*GOAL OF THE EXERCISE*:
Without the pictures, give the listing below again exactly.

--- DATA BLOCK Enclosed Below ---

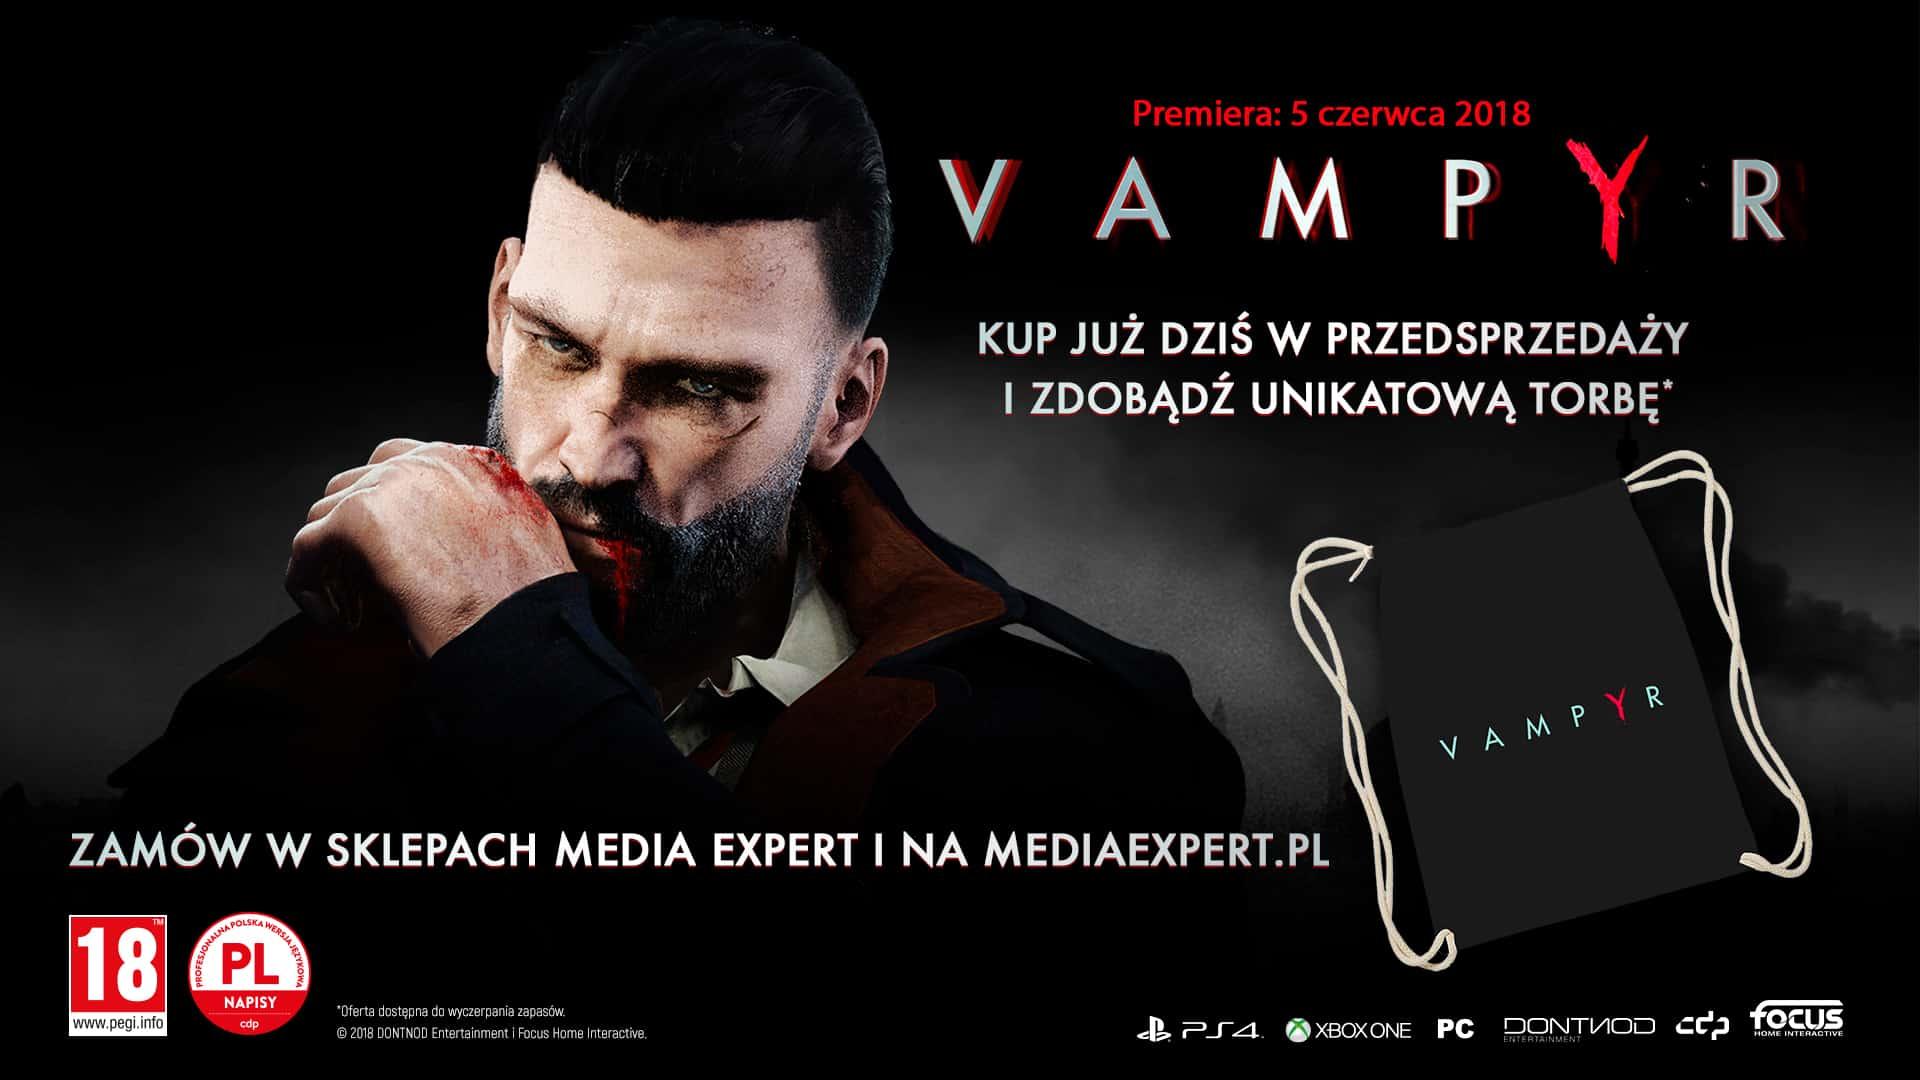 Vampyr Empik Media Expert
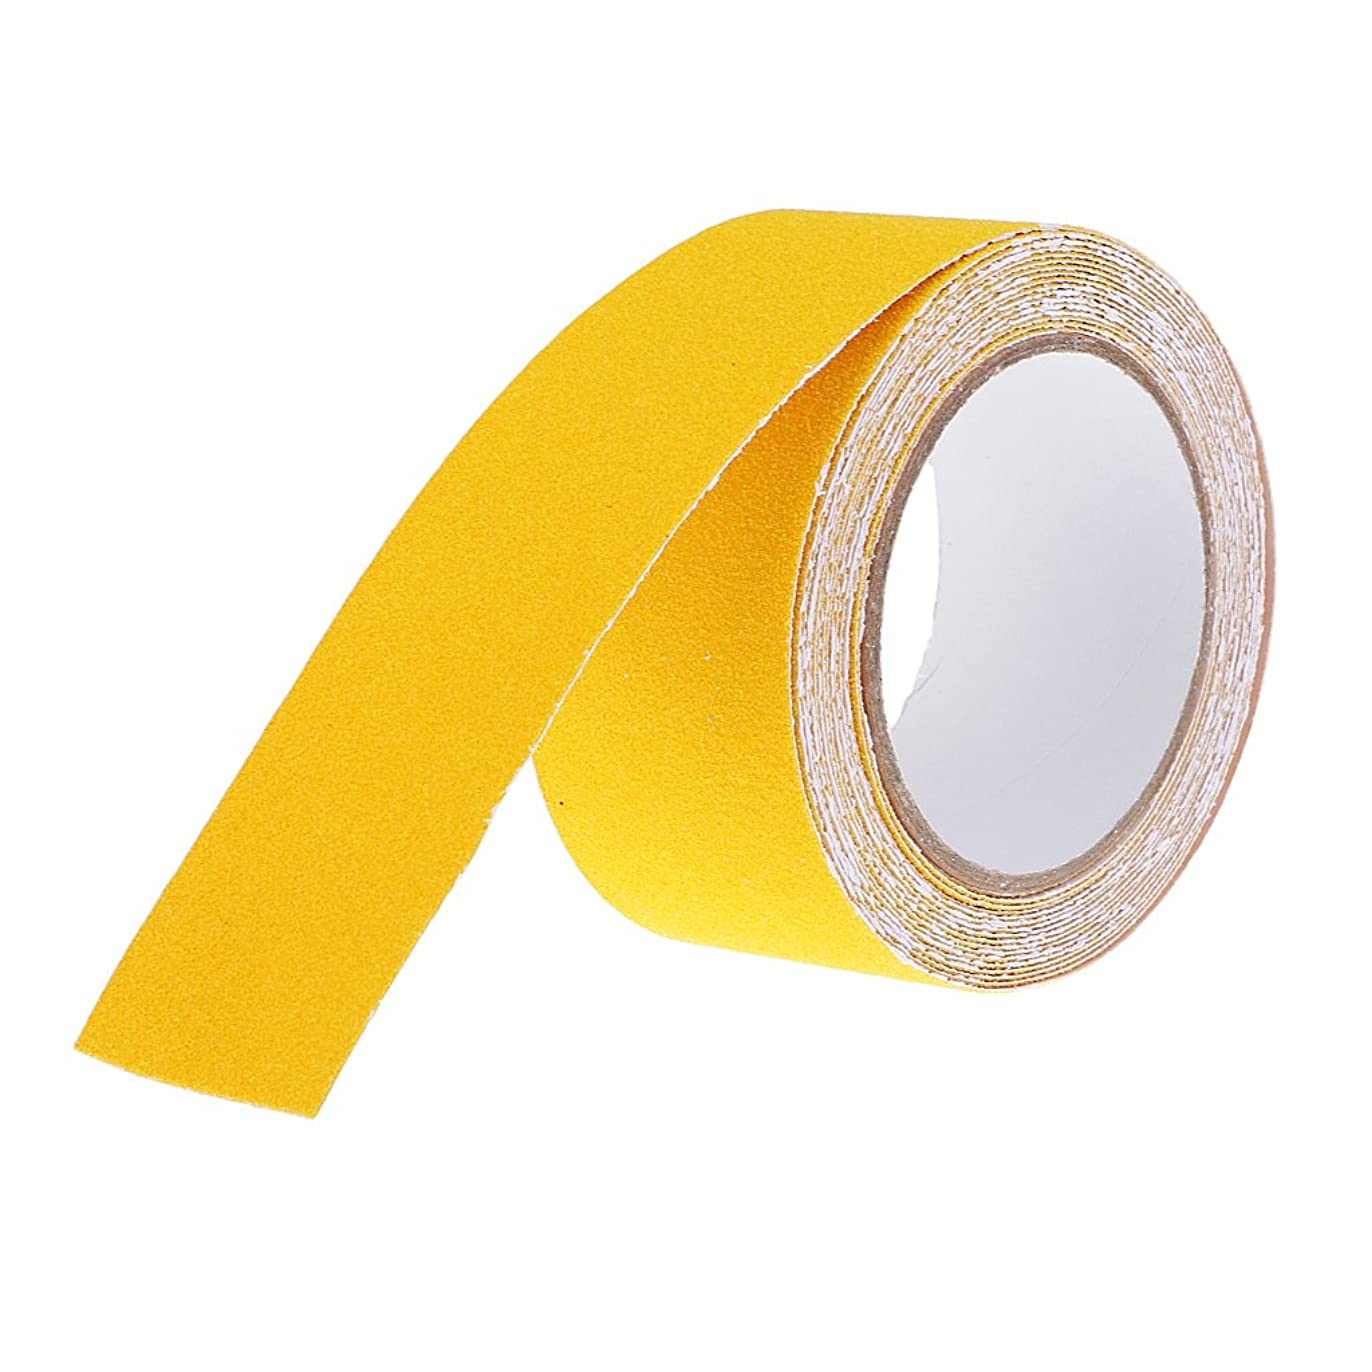 日値する広がりsharprepublic 5個 滑り止めテープ 階段 転倒防止対策 駐車場 歩道 強固な接着 多用途 5m×5cm 全8色 - 黄
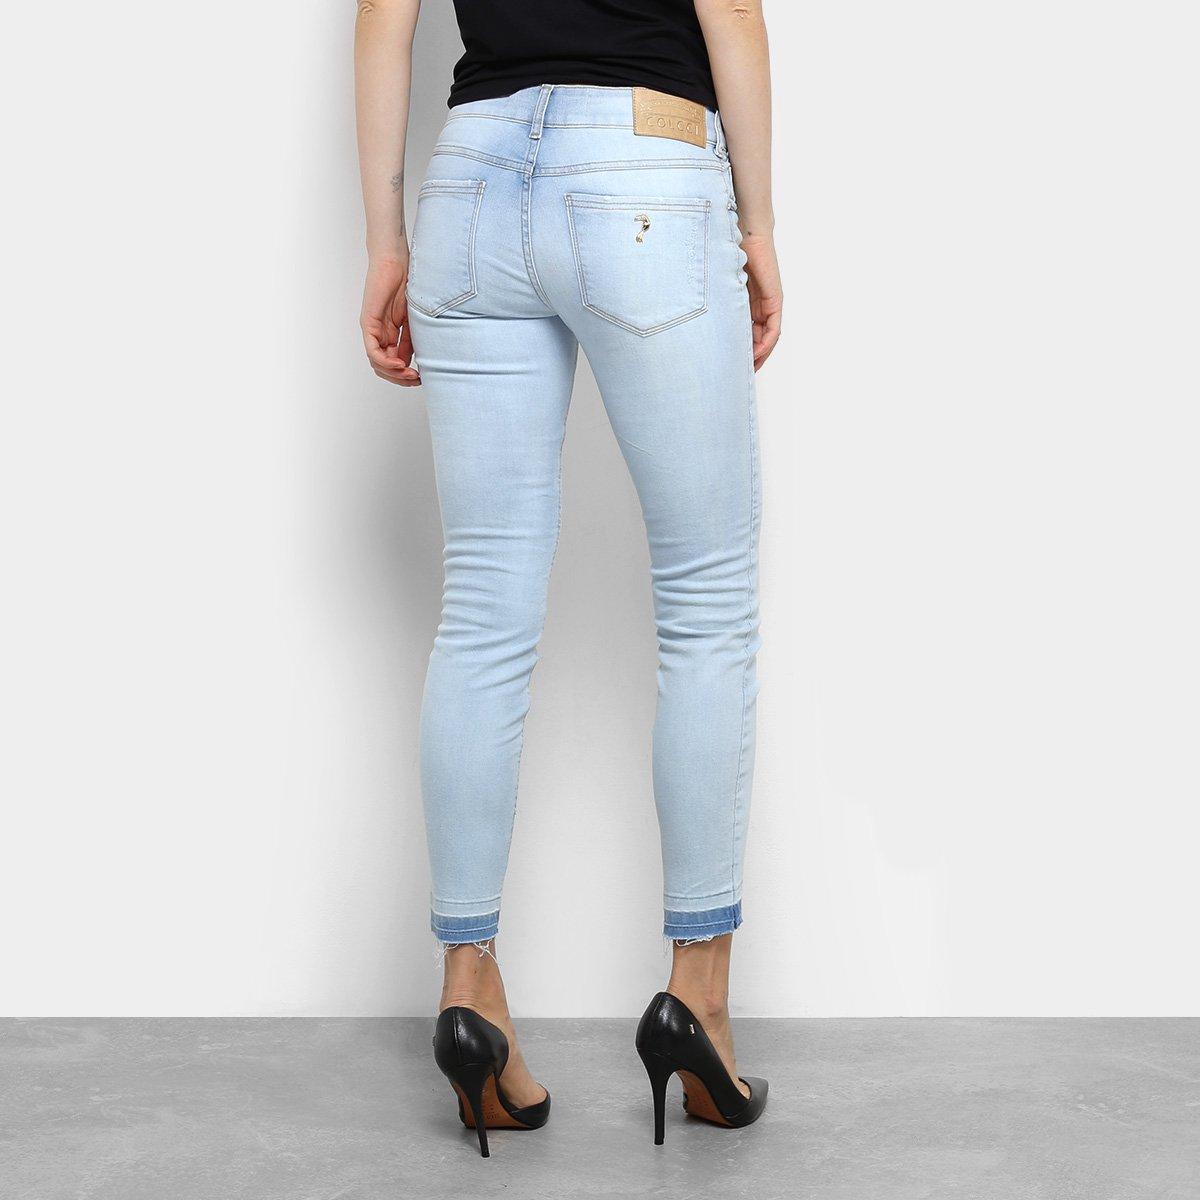 e66daef09 Calça Jeans Skinny Colcci Fátima Barra Assimétrica Cintura Média ...
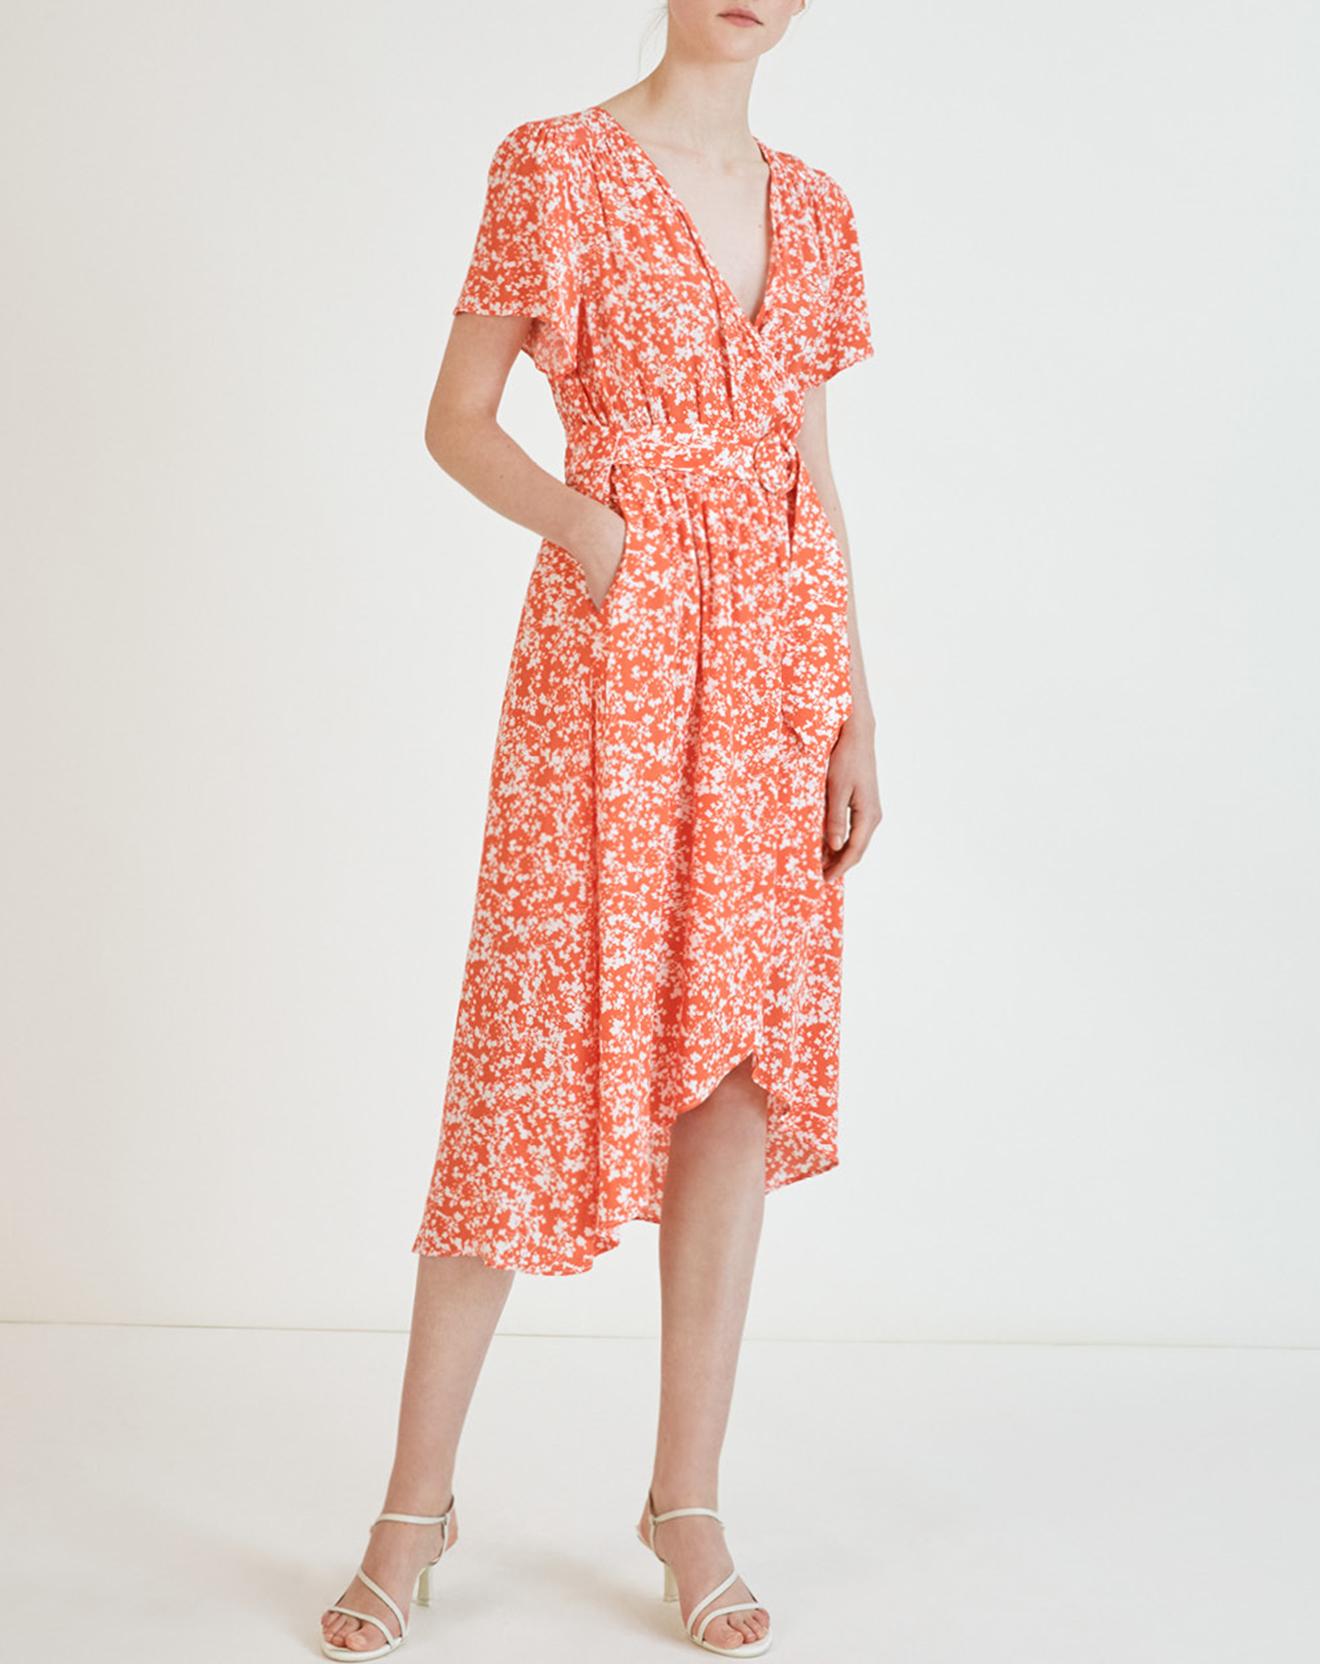 Robe Cassis imprimée geranium - Suncoo - Modalova

--- End of Enclosed DATA BLOCK ---

*YOUR SOLUTION*:
 Vampyr Empik Media Expert
 日値する広がりsharprepublic 5個 滑り止めテープ 階段 転倒防止対策 駐車場 歩道 強固な接着 多用途 5m×5cm 全8色 - 黄
 e66daef09 Calça Jeans Skinny Colcci Fátima Barra Assimétrica Cintura Média ...
 Robe Cassis imprimée geranium - Suncoo - Modalova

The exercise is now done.